» **Extracted records**
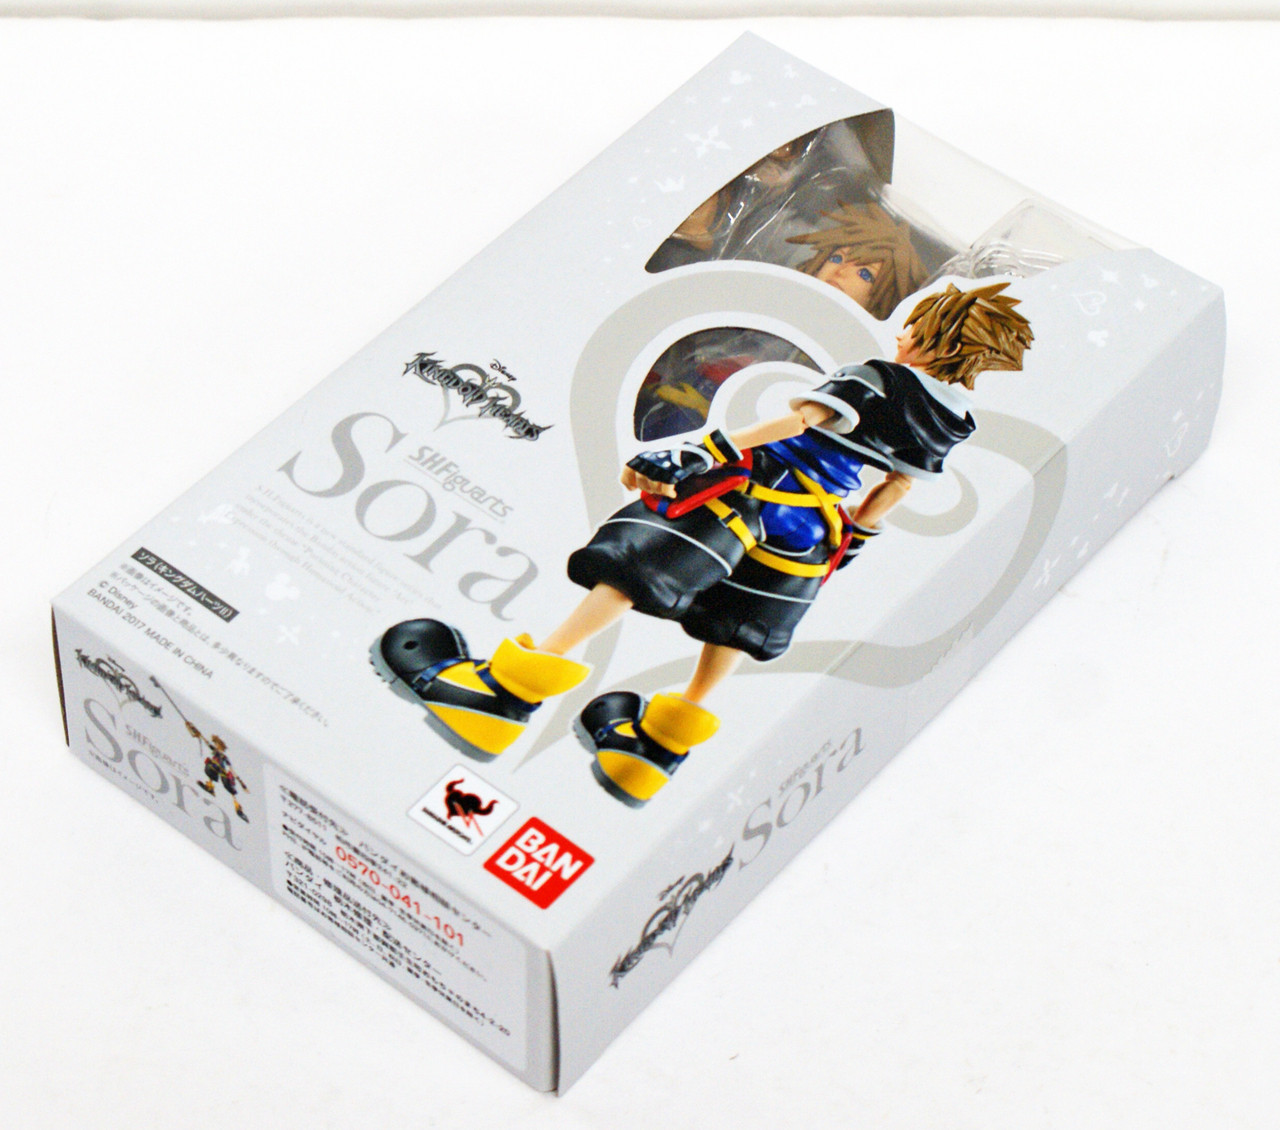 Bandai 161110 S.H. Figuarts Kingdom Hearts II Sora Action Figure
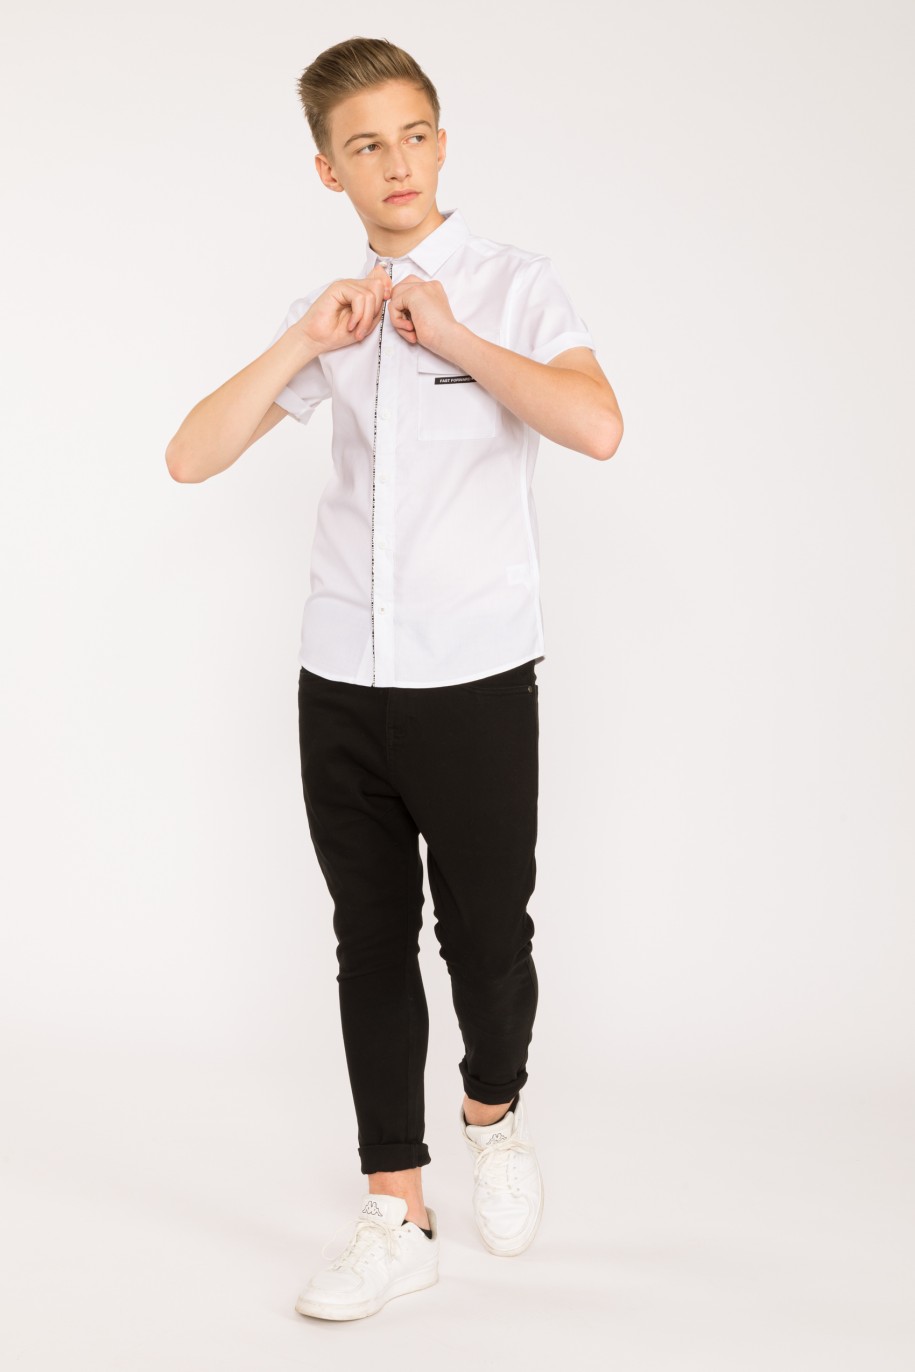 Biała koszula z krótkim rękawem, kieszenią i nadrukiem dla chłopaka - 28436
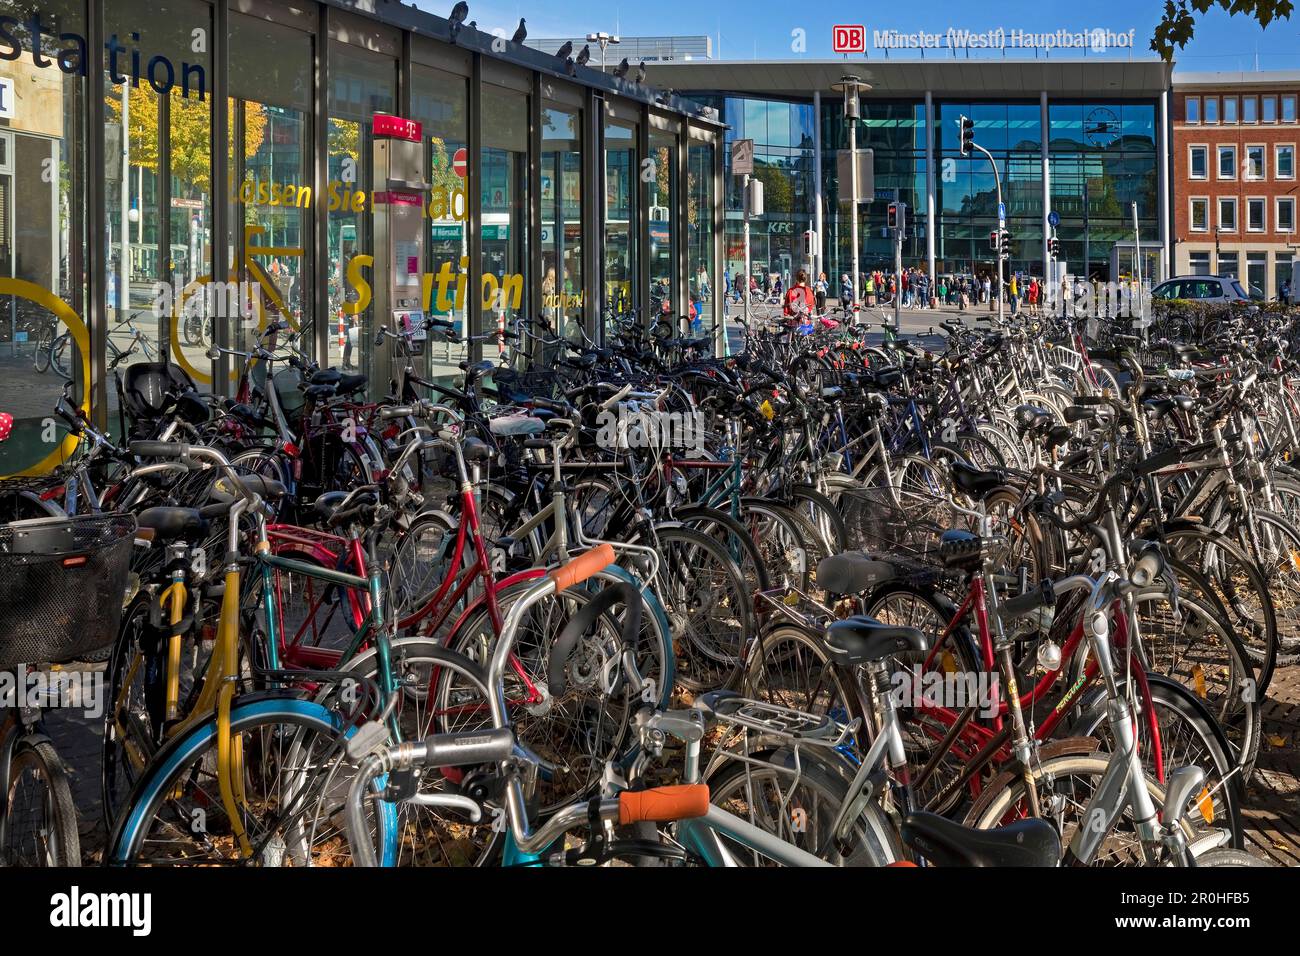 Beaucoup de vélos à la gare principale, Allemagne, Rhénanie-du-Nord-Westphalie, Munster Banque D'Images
...
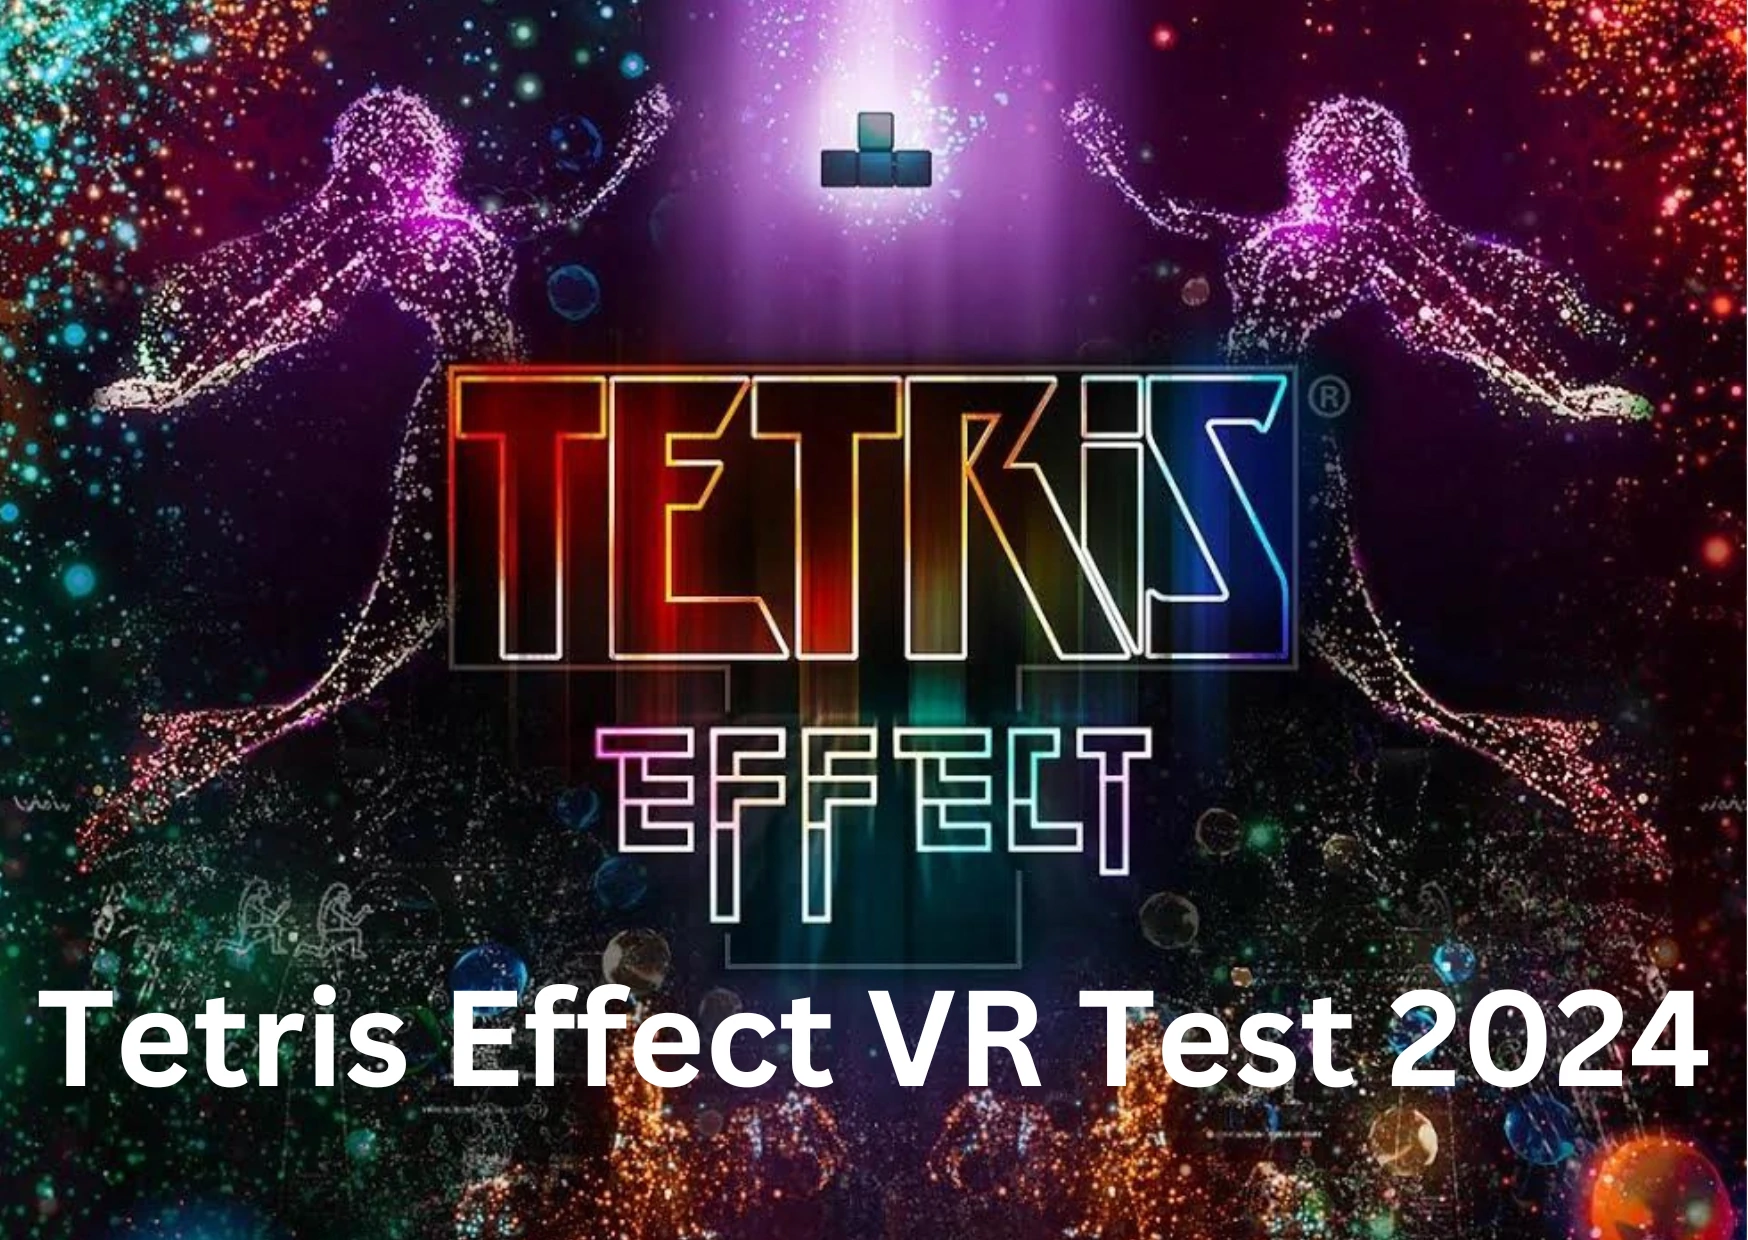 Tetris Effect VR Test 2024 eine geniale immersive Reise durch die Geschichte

» **Exercise**
Reproduce the listing above from the line that holds "Biała koszula z" through the line that holds "Beaucoup de vélos", both included, with the pictures left out.

» **Output for this task**
 Biała koszula z krótkim rękawem, kieszenią i nadrukiem dla chłopaka - 28436
 Beaucoup de vélos à la gare principale, Allemagne, Rhénanie-du-Nord-Westphalie, Munster Banque D'Images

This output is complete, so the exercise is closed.